RAW DATA -
=-=-=-=-=
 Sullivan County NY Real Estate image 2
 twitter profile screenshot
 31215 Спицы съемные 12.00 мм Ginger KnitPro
=-=-=-=-=
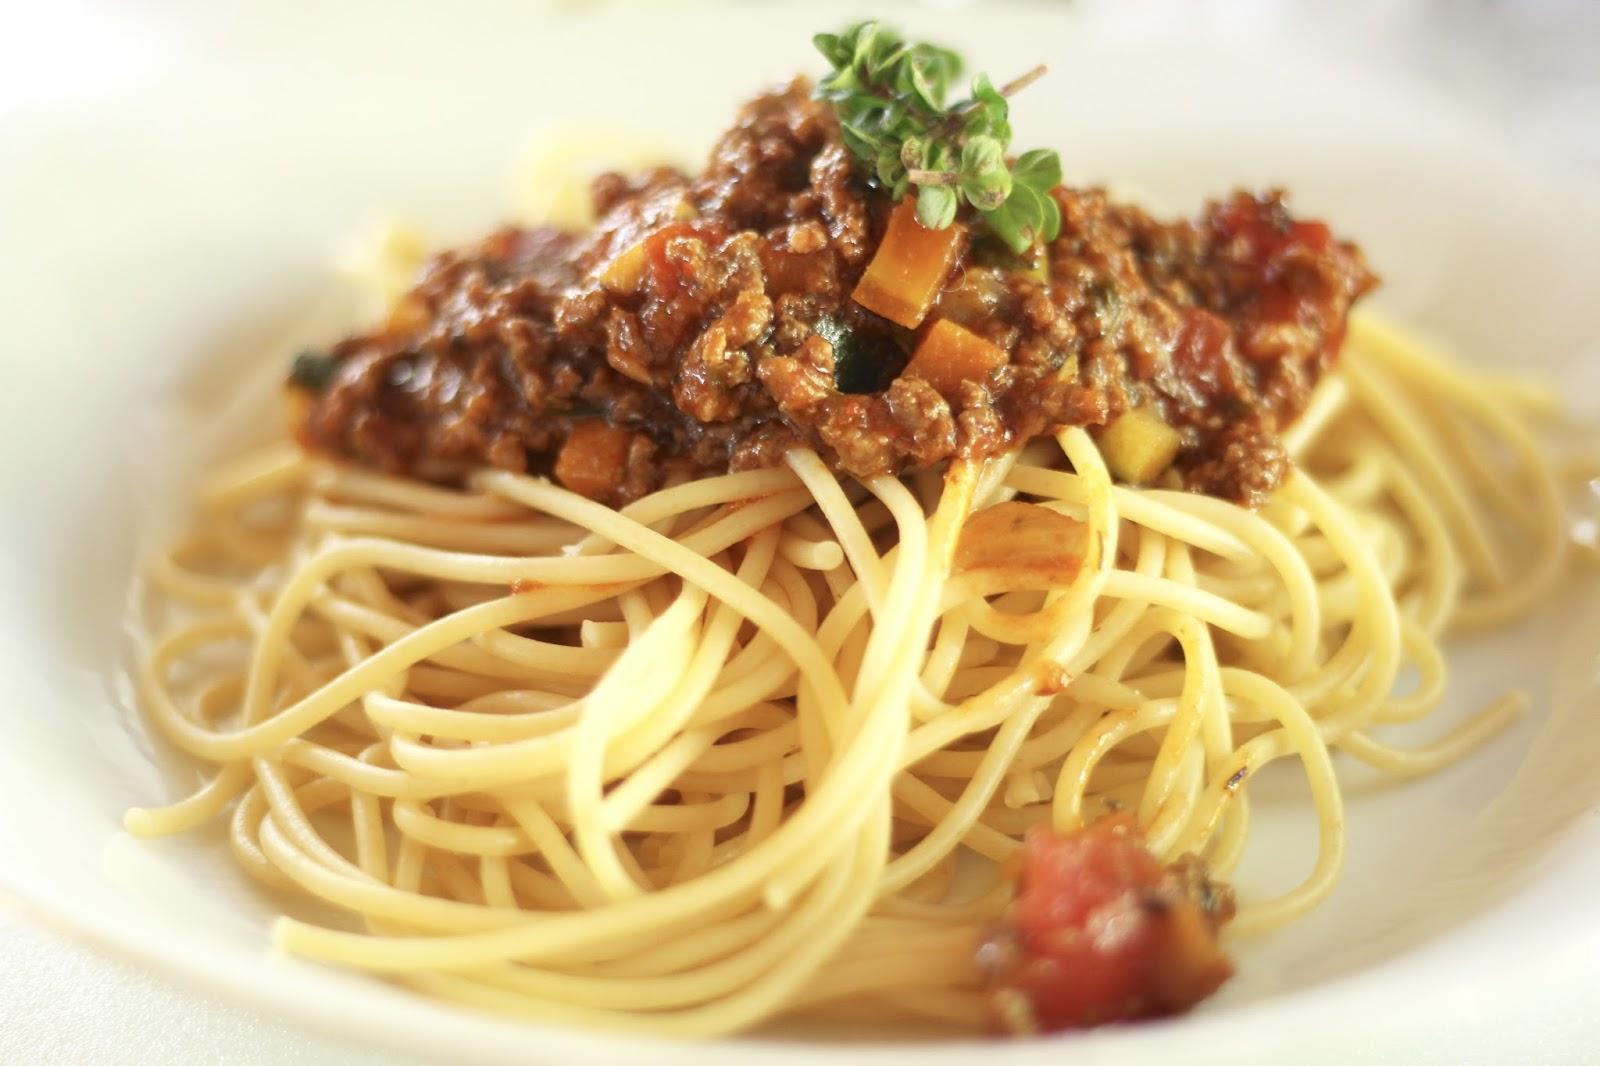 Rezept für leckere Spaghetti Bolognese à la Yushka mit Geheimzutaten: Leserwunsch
=-=-=-=-=
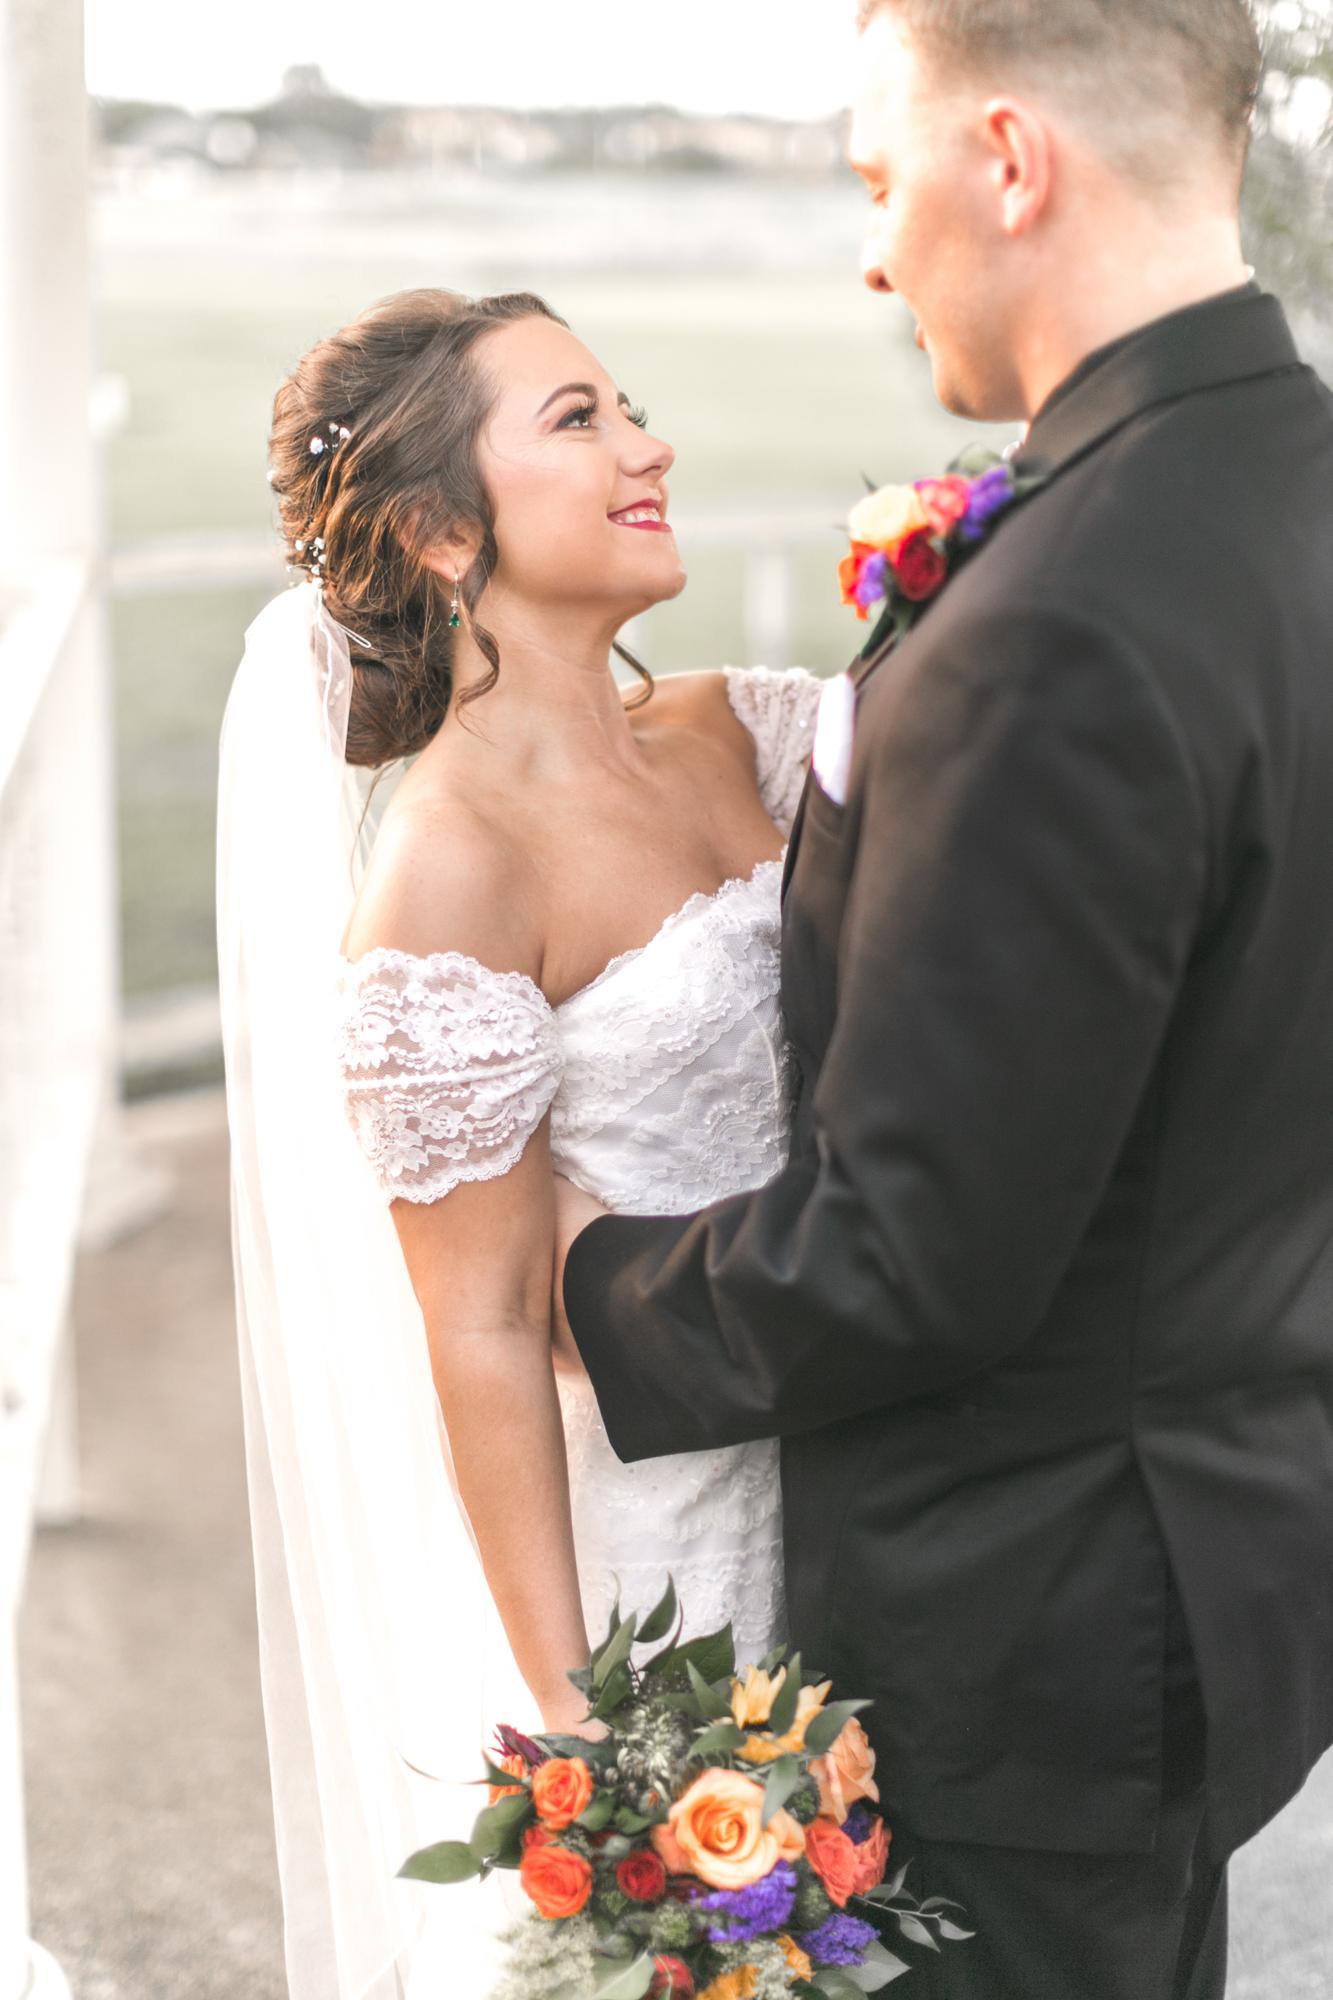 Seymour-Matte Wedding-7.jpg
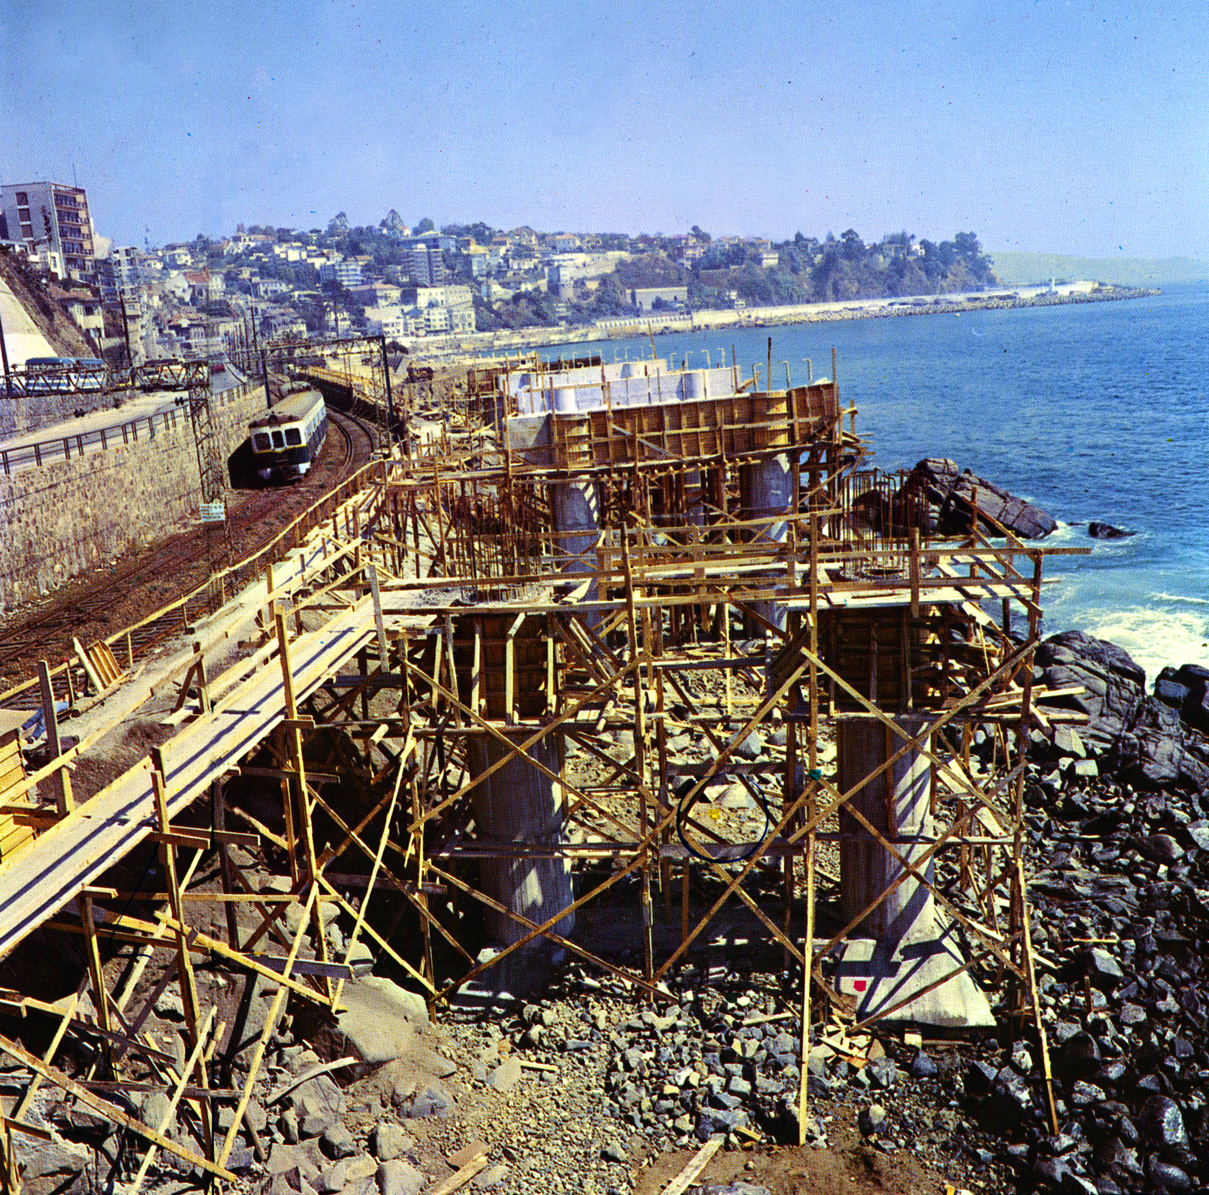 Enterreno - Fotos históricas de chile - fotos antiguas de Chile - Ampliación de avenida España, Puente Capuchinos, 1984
=-=-=-=-=
YOUR TASK -
What you give back should be exactly the lines of the data above from the line with "Sullivan County NY Real Estate image 2" through the line with "31215 Спицы съемные 12.00 мм Ginger KnitPro", both of those included, and nothing more.

THE COMPLETED TASK -
 Sullivan County NY Real Estate image 2
 twitter profile screenshot
 31215 Спицы съемные 12.00 мм Ginger KnitPro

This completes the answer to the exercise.